Proper nouns and proper names
[edit]A review of the important difference between proper nouns and proper names. From the OED, (s.v. “proper”):
- proper noun [. . .] a noun that designates an individual person, place, organization, animal, ship, etc., [. . .]
- proper name [. . .] a name, consisting of a proper noun or noun phrase including a proper noun, that designates an individual, [etc.] A proper name may receive a connotation from the qualities of a person or thing named, and thus may be used as a common noun, as a Hercules, a Calvary, etc.
Compare, s.v. “common”:
- Gram. and Logic a. common noun, substantive, name, term: a name applicable to each of the individuals or species which make up a glass or genus.
A proper noun is a term, includable in Wiktionary by the CFI, e.g., Pericles (a Greek name), Carolina (name of a North American colony after Charles II). A proper name is only includable by the vague attributive-use criterion, e.g., Pericles (the Greek statesman); many proper names are not includable as sum-of-parts phrases, e.g., North Carolina (the US state) = north + Carolina.
It's further complicated because, unlike any other dictionary, we use “noun” and “proper noun” POS headings incorrectly, as if properness were a fixed property of a term. Being a proper noun varies by grammar and context. Proper nouns are used in common-noun senses (e.g., through antonomasia), and vice versa (e.g., through apostrophe).
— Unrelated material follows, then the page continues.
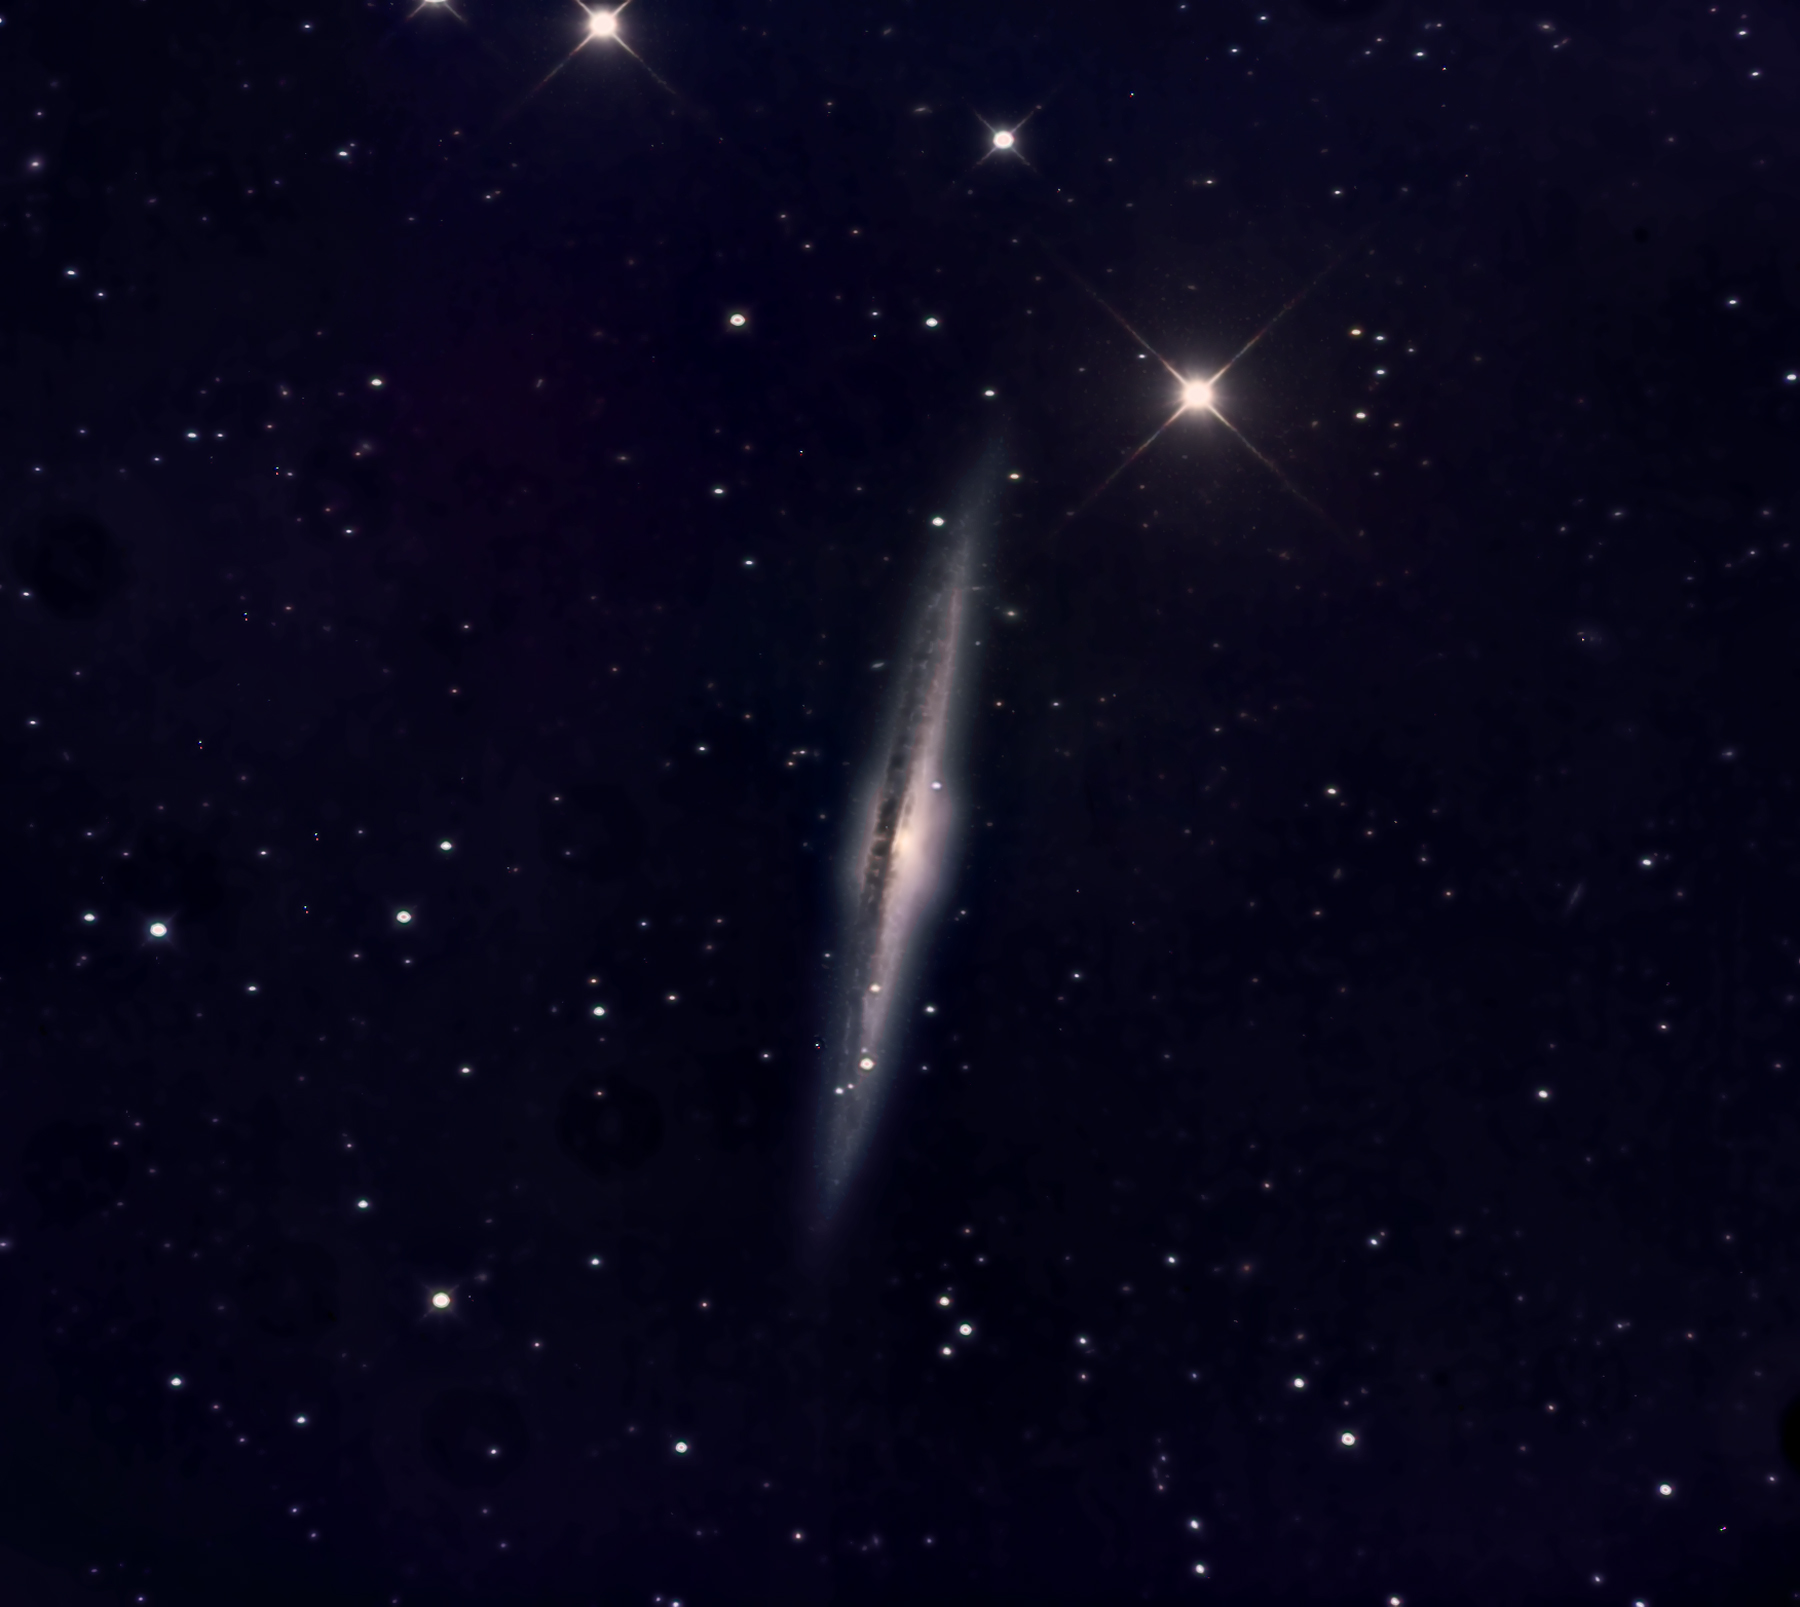 NGC5746

Winston Churchill, [. . .] means any person with the first name Winston and the surname Churchill – really? Let's see three durably-archived citations demonstrating the proper-noun sense of Winston Churchill as a person other than “Winston Churchill (1874–1965).” (There is also the common-noun sense of a Winston Churchill or the Winston Churchill of the Middle East) —Michael Z. 2010-03-14 17:17 z
- As I understand it, both Pericles and Winston Churchill are proper names, but only Pericles is a proper noun, Winston Churchill not being a noun (not being a word). But a proper noun means an individual person, place,etc, we must state which one in its definition. And Winston Churchill is the name of anybody with this first name and this surname, yes (I'm not sure there is more than one Winston Churchill, but it's quite possible). About antonomasia, we already had this discussion on fr.wikt, and I think that using a proper noun in a common-noun sense does not make it a common noun, it's only a general possible use of all proper nouns (and proper names), just as using a noun atributively does not make it an adjective. Lmaltier 17:44, 14 March 2010 (UTC)
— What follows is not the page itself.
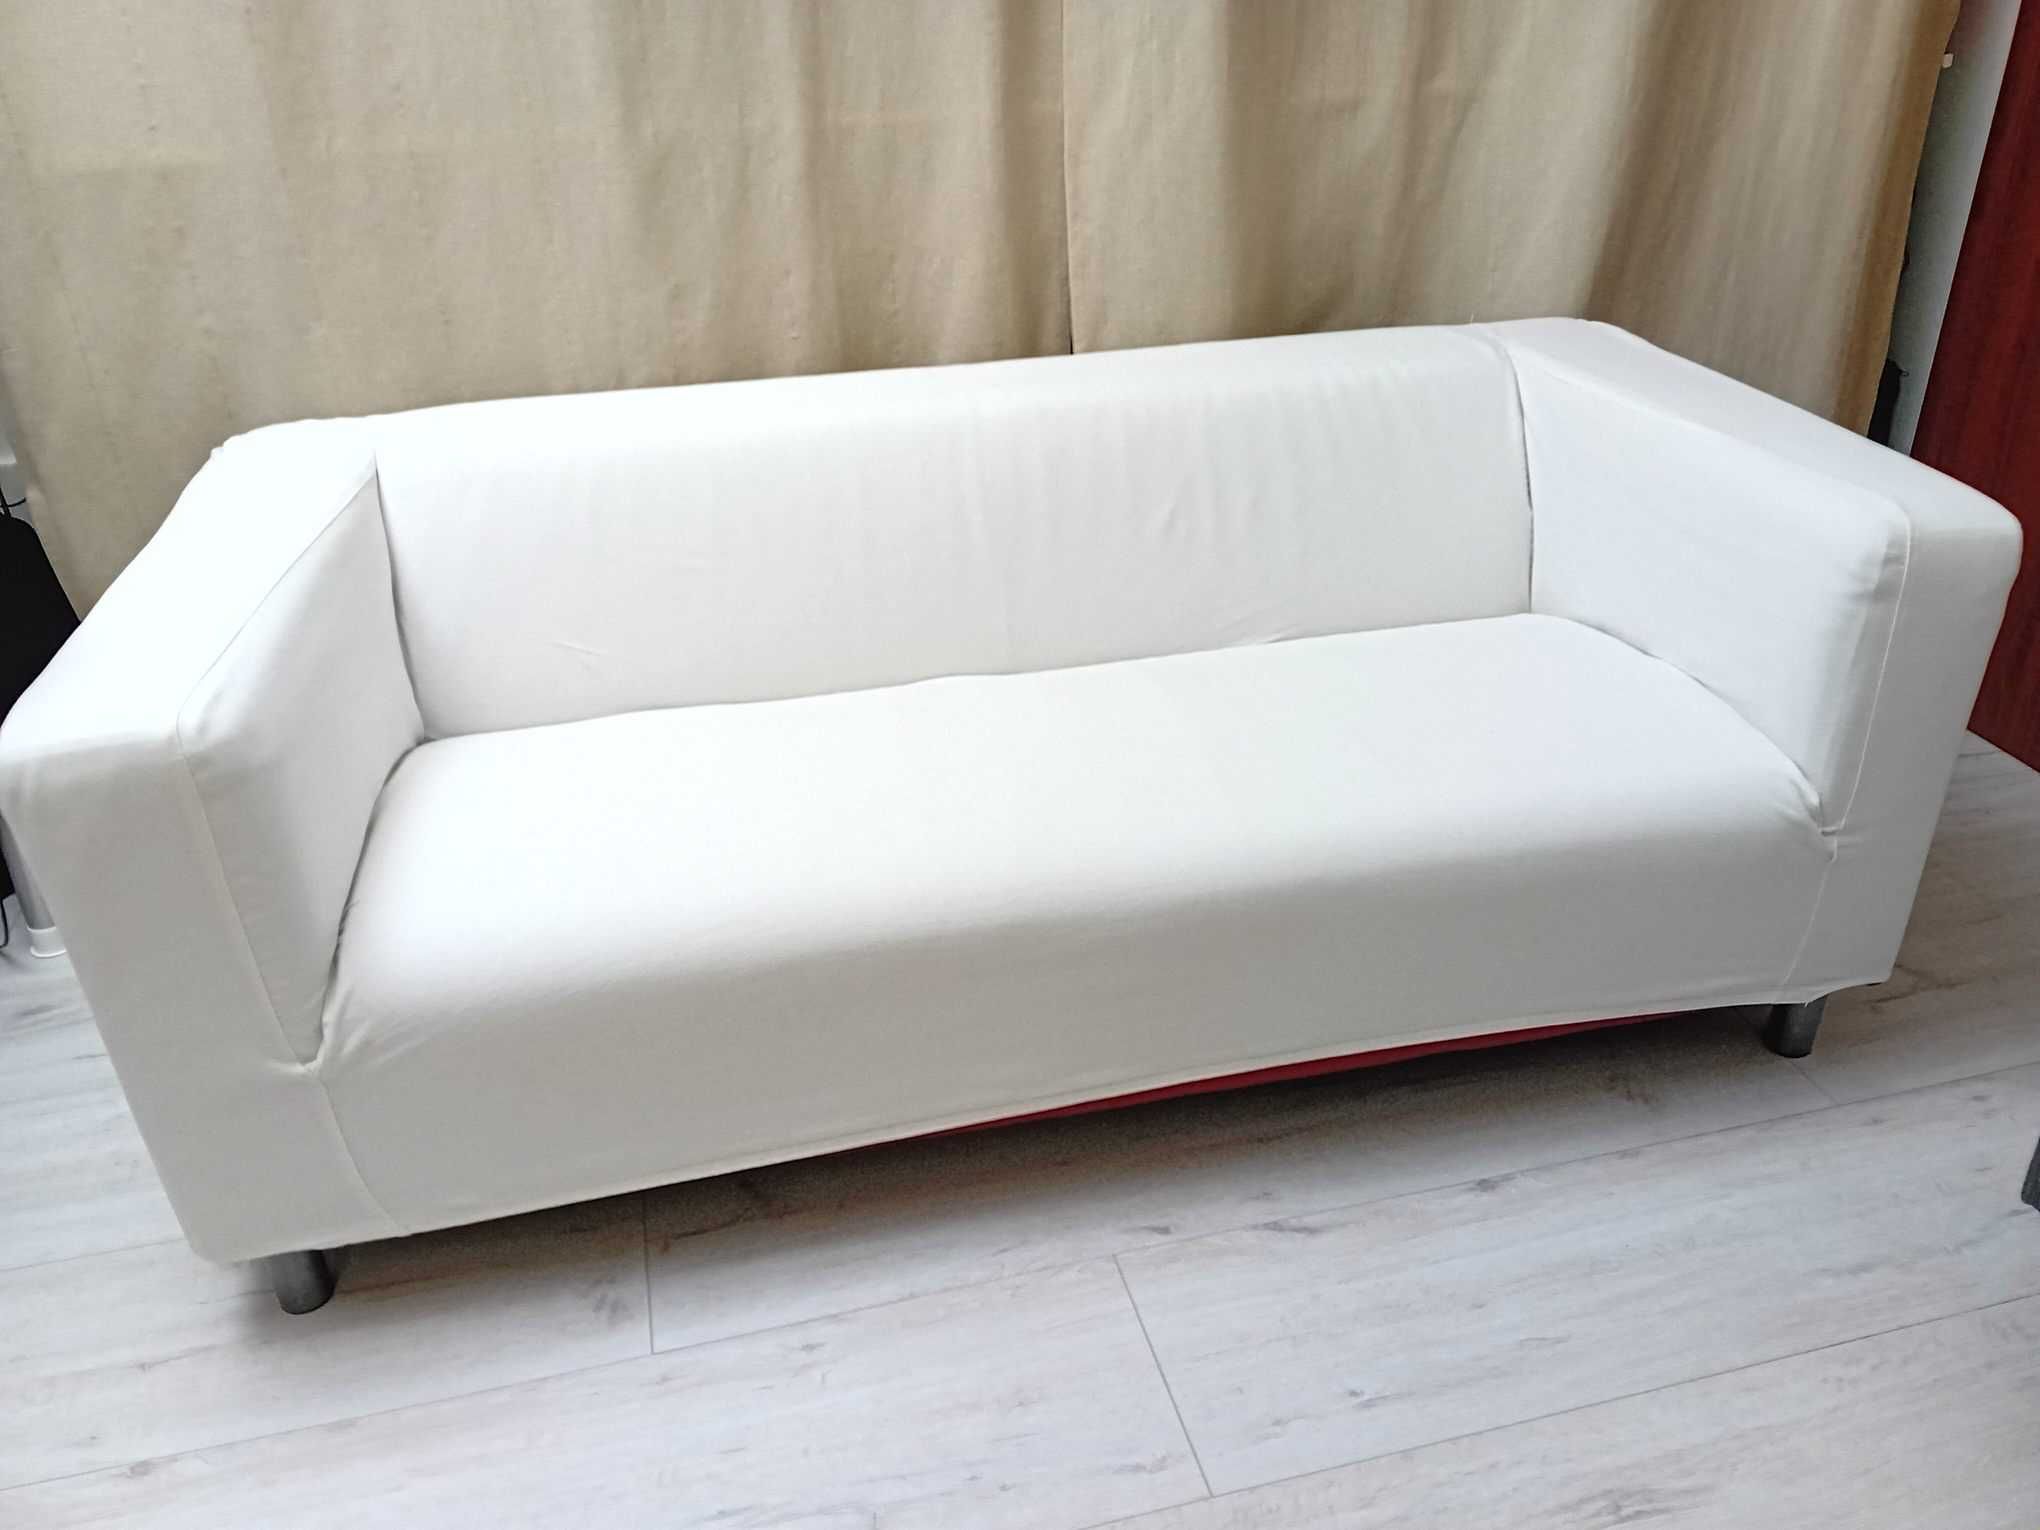 Sofa Ikea Klippan skóra naturalna czerwona + 4 pokrowce (trzy kolory)

- No, the proper noun Churchill doesn't “mean” a specific individual person, it means “a surname,” which tells us it has been used to name, individually, any number of specific persons, including Winston Churchill. We define both proper nouns Winston and Churchill, but we don't list any of these people as “senses” of the noun. (Likewise, Paris is a proper noun referring to many cities, but it's Wikipedia's job to list the cities and write about them.)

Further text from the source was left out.